In this notebook we will implement a simple neural network to classify texts.

The dataset we will use is Offensive Language Identification (OLID), where short texts in English are labeled for offensiveness. We focus on subtask A: binary classification of offensiveness.

In [None]:
!wget https://sites.google.com/site/offensevalsharedtask/olid/OLIDv1.0.zip
!unzip OLIDv1.0.zip

In [None]:
import csv
import nltk
nltk.download('punkt')
from nltk.tokenize import word_tokenize

data_train = []
labels_train = []

with open("olid-training-v1.0.tsv") as f:
    reader = csv.DictReader(f, delimiter="\t")
    for row in reader:
        words = [word.lower() for word in word_tokenize(row["tweet"])]
        data_train.append(words)
        labels_train.append(row["subtask_a"])

data_test = []
labels_test = []
with open("testset-levela.tsv") as f:
    reader = csv.DictReader(f, delimiter="\t")
    for row in reader:
        words = [word.lower() for word in word_tokenize(row["tweet"])]
        data_test.append(words)

with open("labels-levela.csv") as f:
    reader = csv.DictReader(f, fieldnames=["id", "label"])
    for row in reader:
        labels_test.append(row["label"])


We use Keras' tokenizer only to compute the vocabulary on the training set. Sentences are truncated at 100 tokens and padding is added for shortes sentences.

In [None]:
from keras.preprocessing.text import Tokenizer
from keras.preprocessing.sequence import pad_sequences
from sklearn.preprocessing import LabelEncoder

# transform the sentences into vectors
tokenizer = Tokenizer(filters='', lower=True, split=' ')
tokenizer.fit_on_texts(data_train)
word_index = tokenizer.word_index
X_train = tokenizer.texts_to_matrix(data_train)
X_train = pad_sequences(X_train, 100, padding='post', truncating='post')

# encode the labels
encoder = LabelEncoder()
encoder.fit(labels_train)
y_train = encoder.transform(labels_train)

# vectorize the test set
X_test = tokenizer.texts_to_matrix(data_test)
X_test = pad_sequences(X_test, 100, padding='post', truncating='post')
y_test = encoder.transform(labels_test)


The neural network has a first layer where the embeddings are input. They are then concatenated by the Flatten layer and passed on a smaller fully connected hidden layer. The output layer is one neuron with sigmoid activation for binary classification (offensive/not offensive).

In [None]:
from keras.models import Sequential
from keras.layers import Activation, Dense, Dropout, Embedding, Flatten
import tensorflow as tf

# create the models
model = Sequential()
model.add(Embedding(len(word_index)+1, 300, input_shape=(100,)))
model.add(Flatten())
model.add(Dense(50, input_shape=(X_train.shape[1],)))
model.add(Activation('sigmoid'))
model.add(Dropout(0.1))
model.add(Dense(1, activation="sigmoid"))

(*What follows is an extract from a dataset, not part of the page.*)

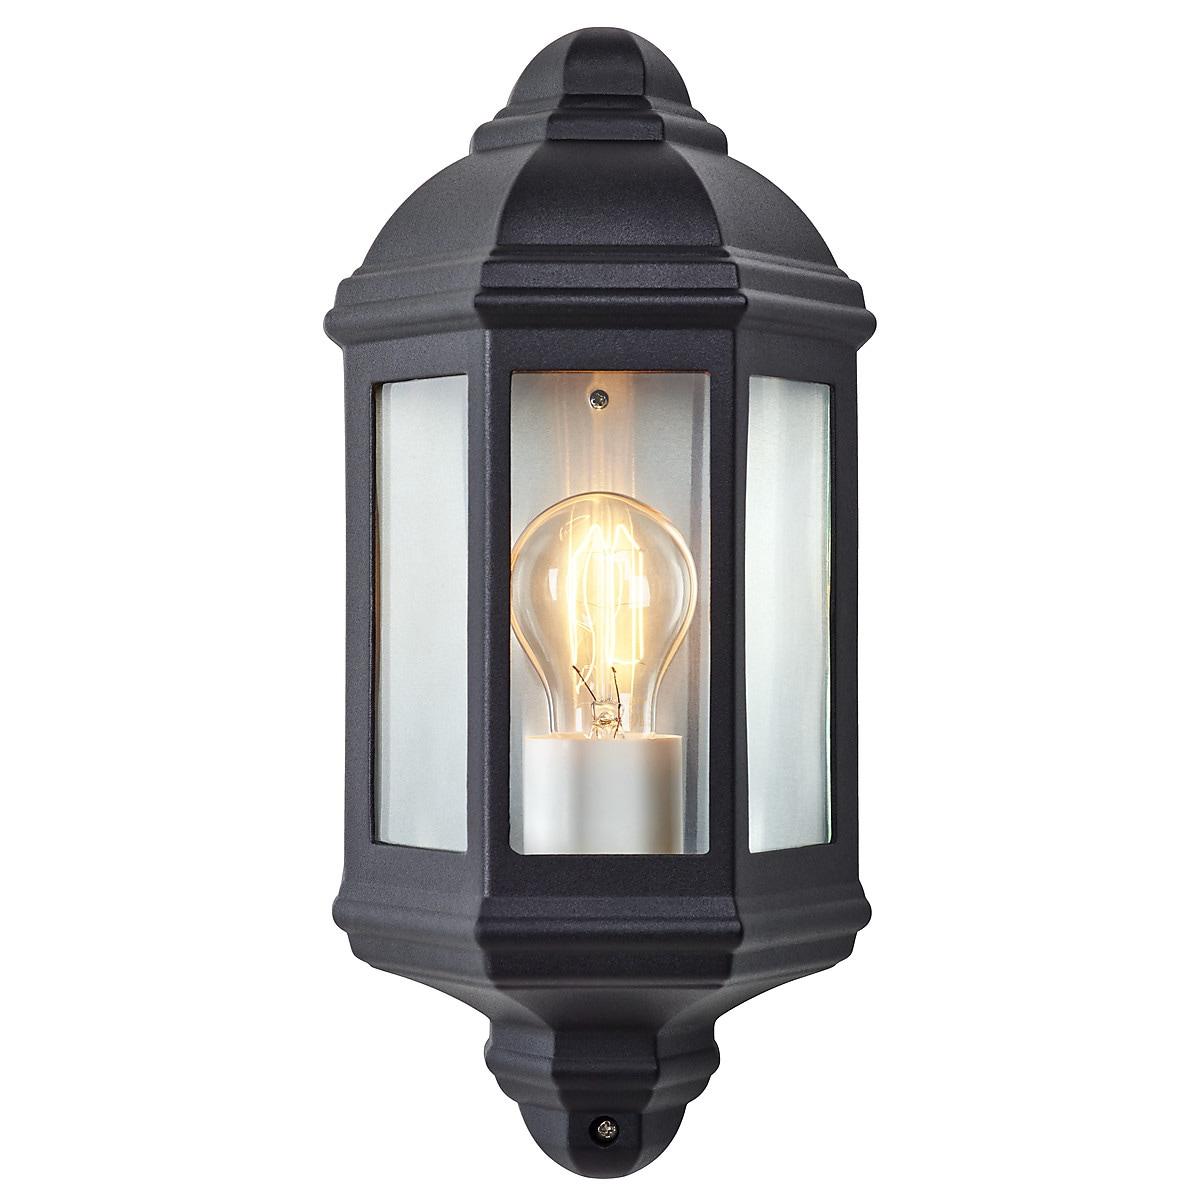 Northlight Outdoor Wall Light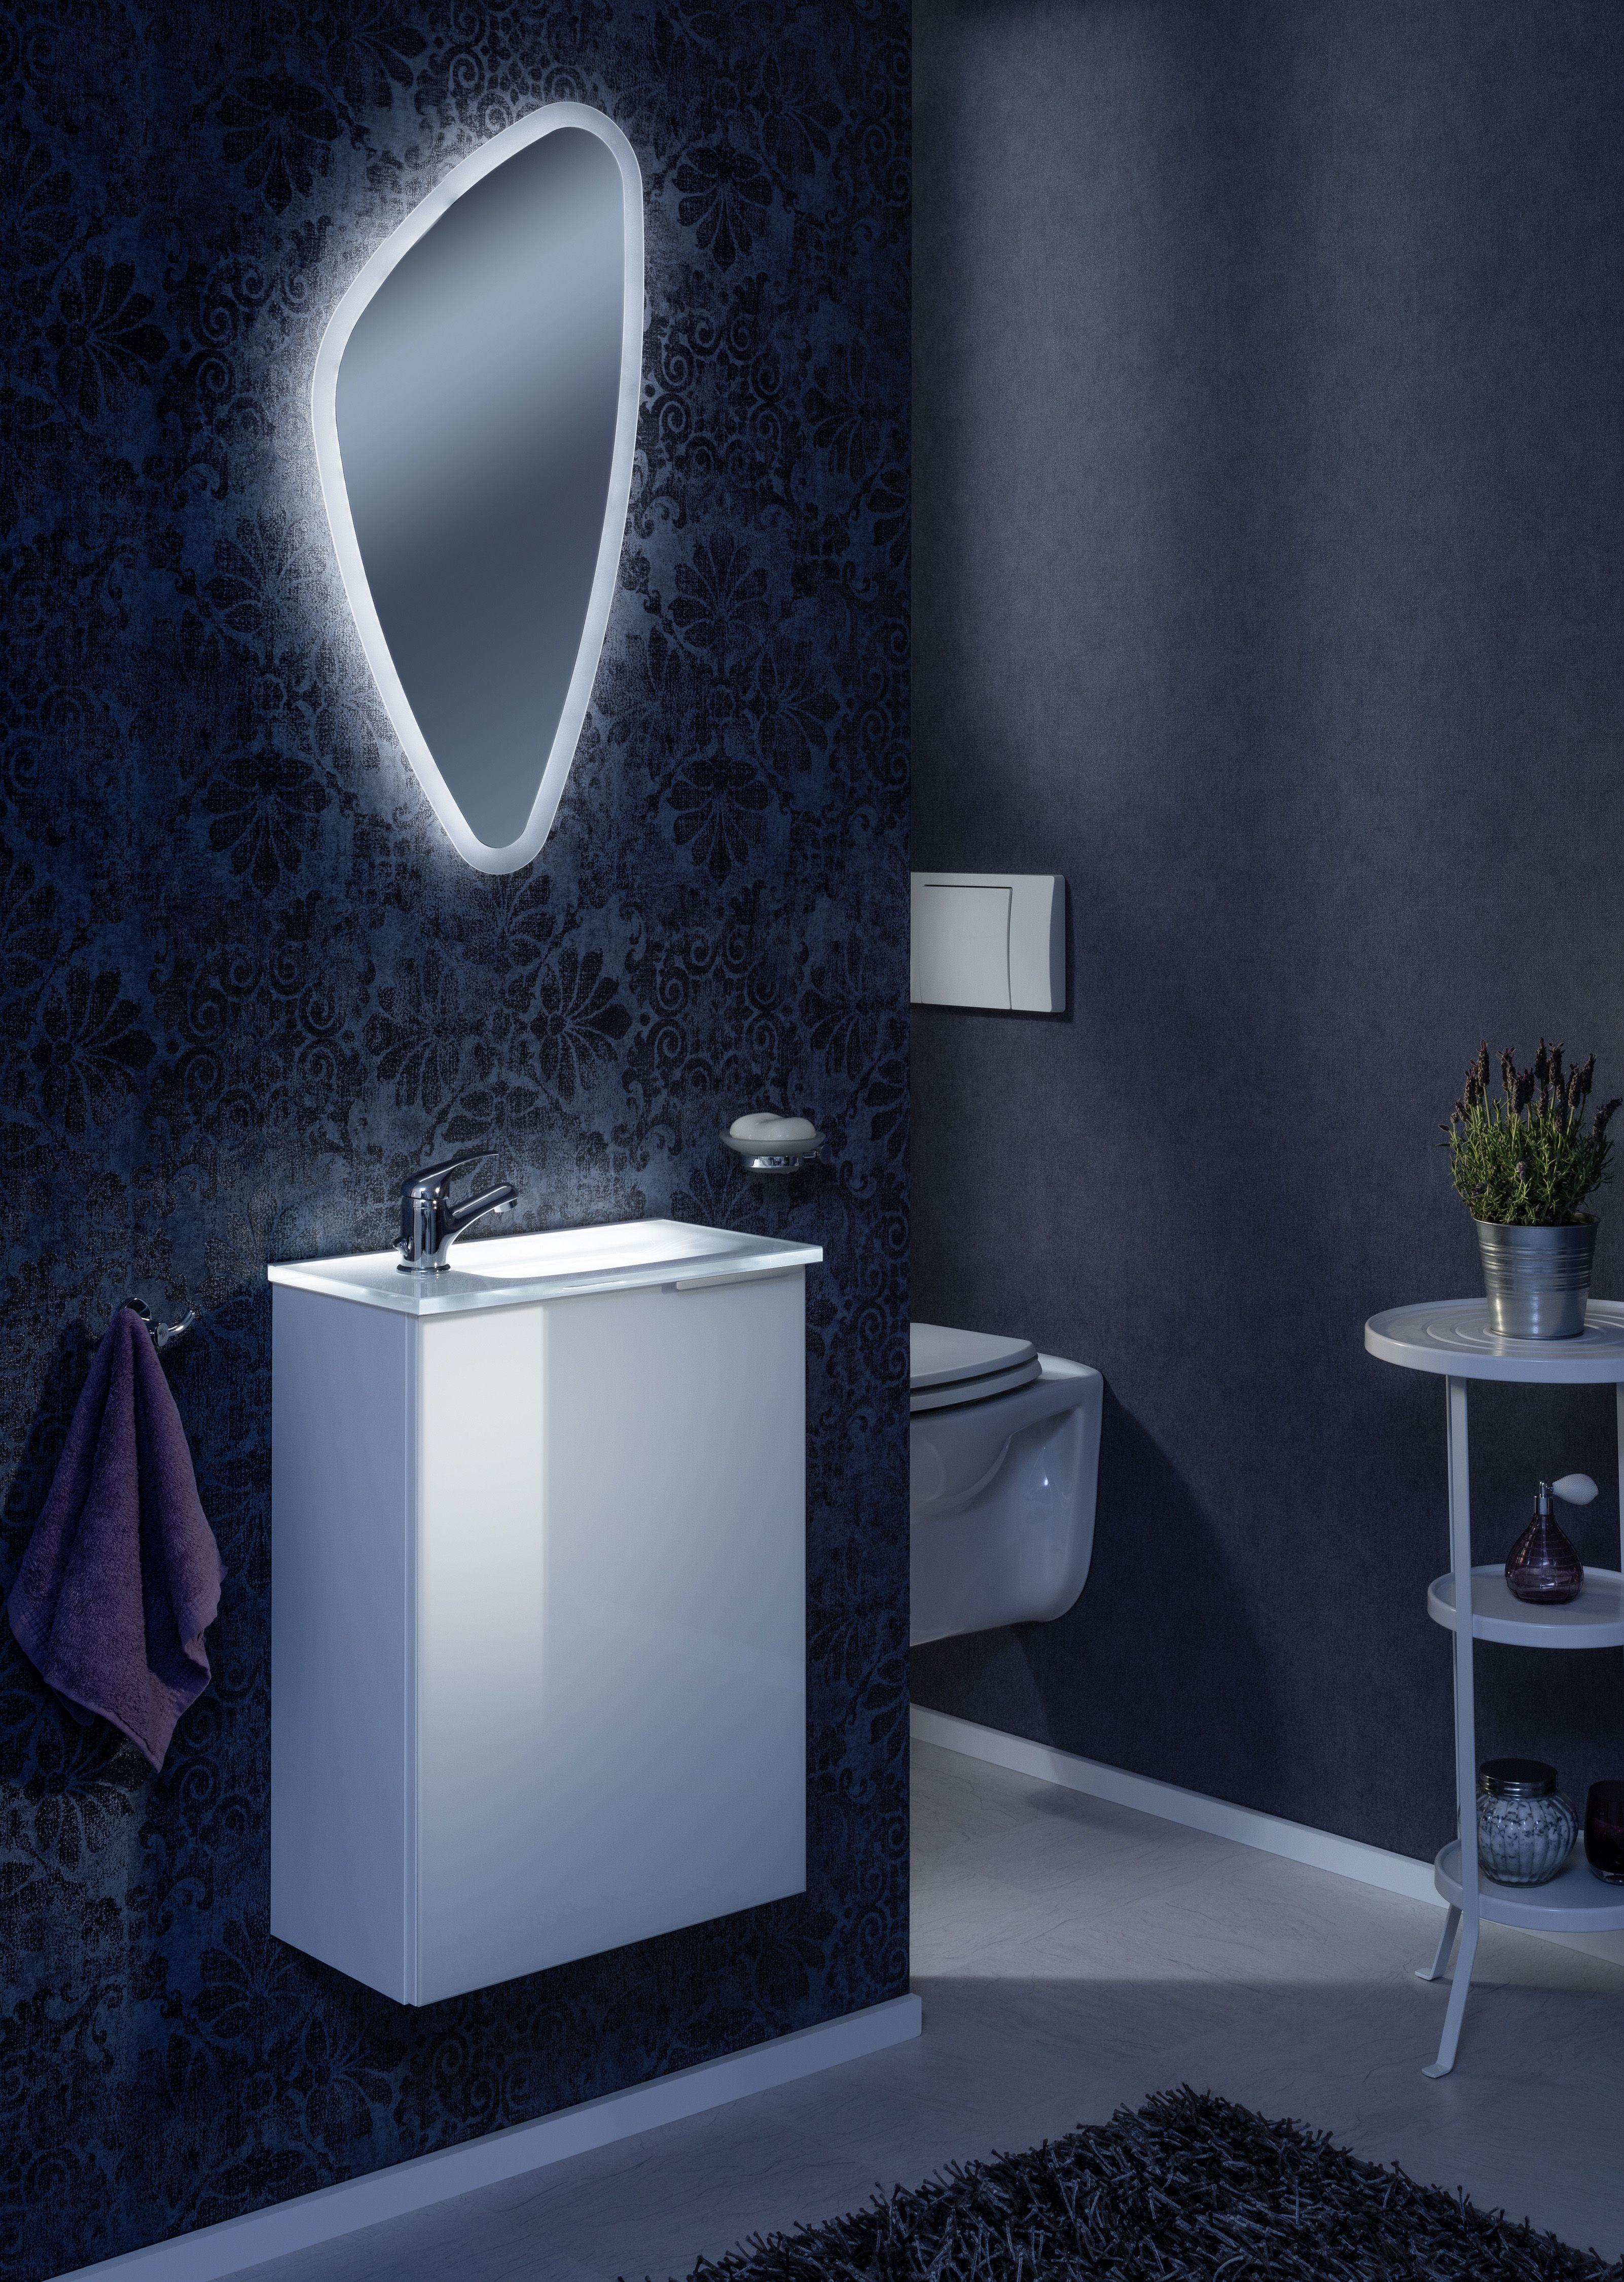 10 Fackelmann Badezimmer Avero Online Kaufen Mobelix Eintagamsee Round Mirror Bathroom Bathroom Mirror Mirror

model.compile(loss="binary_crossentropy",
                  optimizer=tf.keras.optimizers.Adam(learning_rate=1e-4),
                  metrics=["accuracy"])
model.summary()

history = model.fit(X_train, y_train,
                        batch_size=16,
                        epochs=10,
                        shuffle=True,
                        validation_split=0.1,
                        verbose=1
                        )

Scikit-learn has useful functions to provide evaluation metrics as precision, recall and F1-score.

In [None]:
from sklearn.metrics import classification_report

pred = [int(x>=0.5) for x in model.predict(X_test)]
print (classification_report(y_test, pred))

Let's try to initialize the weights of the first layer with pre-trained embeddings from GloVe.

In [None]:
!wget https://nlp.stanford.edu/data/glove.6B.zip
!unzip glove.6B.zip
from gensim.models import KeyedVectors
from gensim.scripts.glove2word2vec import glove2word2vec
import numpy as np

glove2word2vec("glove.6B.300d.txt", "glove_gensim.6B.300d.txt")
embedding_model=KeyedVectors.load_word2vec_format("glove_gensim.6B.300d.txt",binary=False)

In [None]:
embedding_matrix = np.zeros((len(word_index) + 1, 300))

for word, i in word_index.items():
    try:
        embedding_vector = embedding_model[word]
        embedding_matrix[i] = embedding_vector
    except:
        # words not found in embedding index will be all-zeros.
        continue


The embedding layer can be set to be trainable, or the weights can be kept frozen.

In [None]:
model = Sequential()
model.add(Embedding(len(word_index)+1, 300, input_shape=(100,), weights=[embedding_matrix], trainable=True))
model.add(Flatten())
model.add(Dense(50, input_shape=(X_train.shape[1],)))
model.add(Activation('sigmoid'))
model.add(Dropout(0.1))
model.add(Dense(1, activation="sigmoid"))

model.compile(loss="binary_crossentropy",
                  optimizer=tf.keras.optimizers.Adam(learning_rate=1e-4),
                  metrics=["accuracy"])
model.summary()

history = model.fit(X_train, y_train,
                        batch_size=16,
                        epochs=10,
                        shuffle=True,
                        validation_split=0.1,
                        verbose=1
                        )

In [None]:
pred = [int(x>=0.5) for x in model.predict(X_test)]
print (classification_report(y_test, pred))